Synthesis of 5 by using Schlosser-modified Wittig reaction
To a cooled (−78 °C) solution of 4 (16 mg, 0.048 mmol) in tetrahydrofuran (1.0 ml) were added LiBr (45 mg, 0.052 mmol) and PhLi (1.6 m in butyl ether, 0.03 ml, 0.048 mmol). After the solution was stirred at that temperature for 30 min, then the solution was added dropwise via cold cannula to a solution of 3 (30 mg, 0.048 mmol) in diethyl ether (1.0 ml) at −78 °C. After completion of the dripping, PhLi (1.6 m in butyl ether, 0.03 ml, 0.048 mmol) was added to the mixture, and the solution was stirred for 3 h. After successive addition of HCl (1.0 m in Et2O, 0.08 ml, 0.080 mmol) and KOtBu (1.0 m in Et2O, 0.06 ml, 0.057 mmol), the reaction mixture was stirred for 1 h at −78 °C. The reaction mixture was quenched with water, and the organic layer was separated and the aqueous layer was extracted with diethyl ether three times. The combined organic layer was washed with water and brine and dried over sodium sulfate. After evaporation of the solvent, the crude product was purified by TLC on silica gel (hexane/ethyl acetate=10/1) to afford 5 (21 mg, 76%).

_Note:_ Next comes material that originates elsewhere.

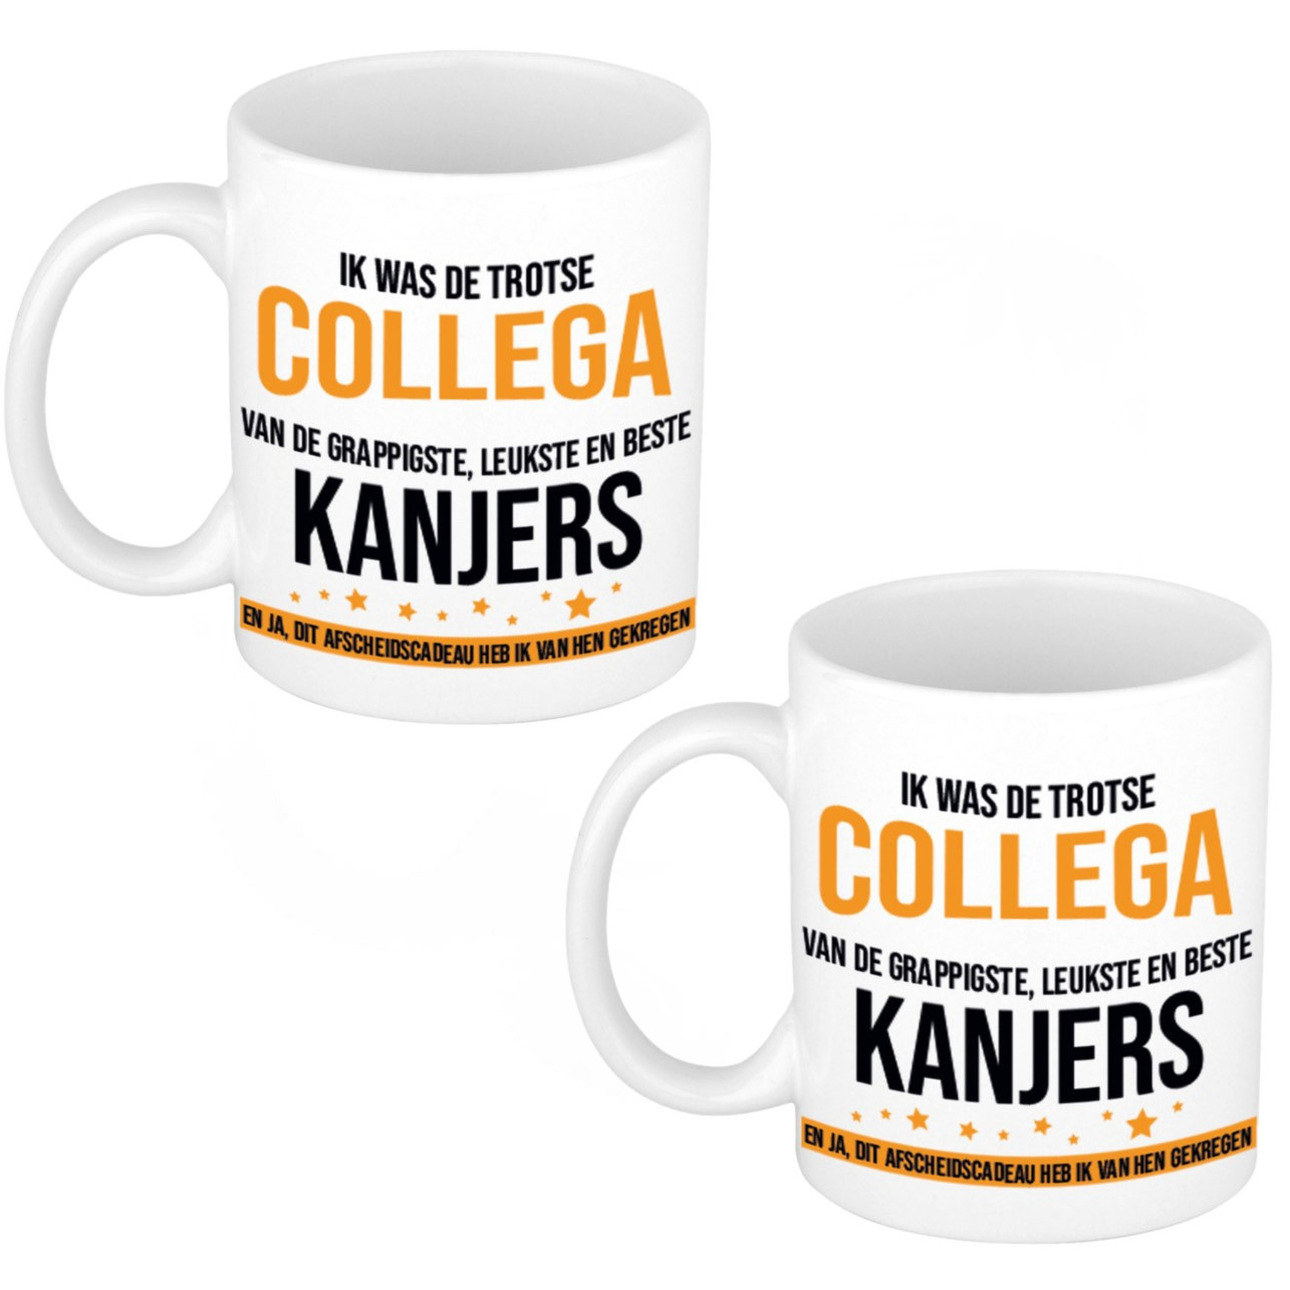 10x stuks trotse collega kanjers afscheidscadeau koffiemok - theebeker 300 ml

Synthesis of 14 by using MNBA-mediated macrolactonization with DMAP
To a solution of MNBA (20 mg, 57.9 μmol) and DMAP (33 mg, 0.27 mmol) in dichloromethane (18.0 ml) at room temperature was slowly added a solution of the seco acid 13 (23 mg, 44.5 μmol) in dichloromethane (4.0 ml) with a mechanically driven syringe over a 12 h period. After cooling to 0 °C, saturated aqueous sodium hydrogen carbonate was added. The organic layer was separated, the aqueous layer was extracted with dichloromethane, and the organic layer was washed with brine and water and dried over sodium sulfate. The combined organic layer was washed with water and brine and dried over sodium sulfate. After evaporation of the solvent, the crude product was purified by TLC on silica gel (hexane/ethyl acetate=6/1) to afford 14 (15 mg, 67%).
Antimicrobial assay
The antimicrobial assay against S. aureus (NBRC 12732), A. niger (NBRC 105649) and T. mentagrophytes (NBRC 5466) was performed using the disk diffusion method according to the Clinical and Laboratory Standards Institute.13 Details of the assay method are described in Supplementary Information.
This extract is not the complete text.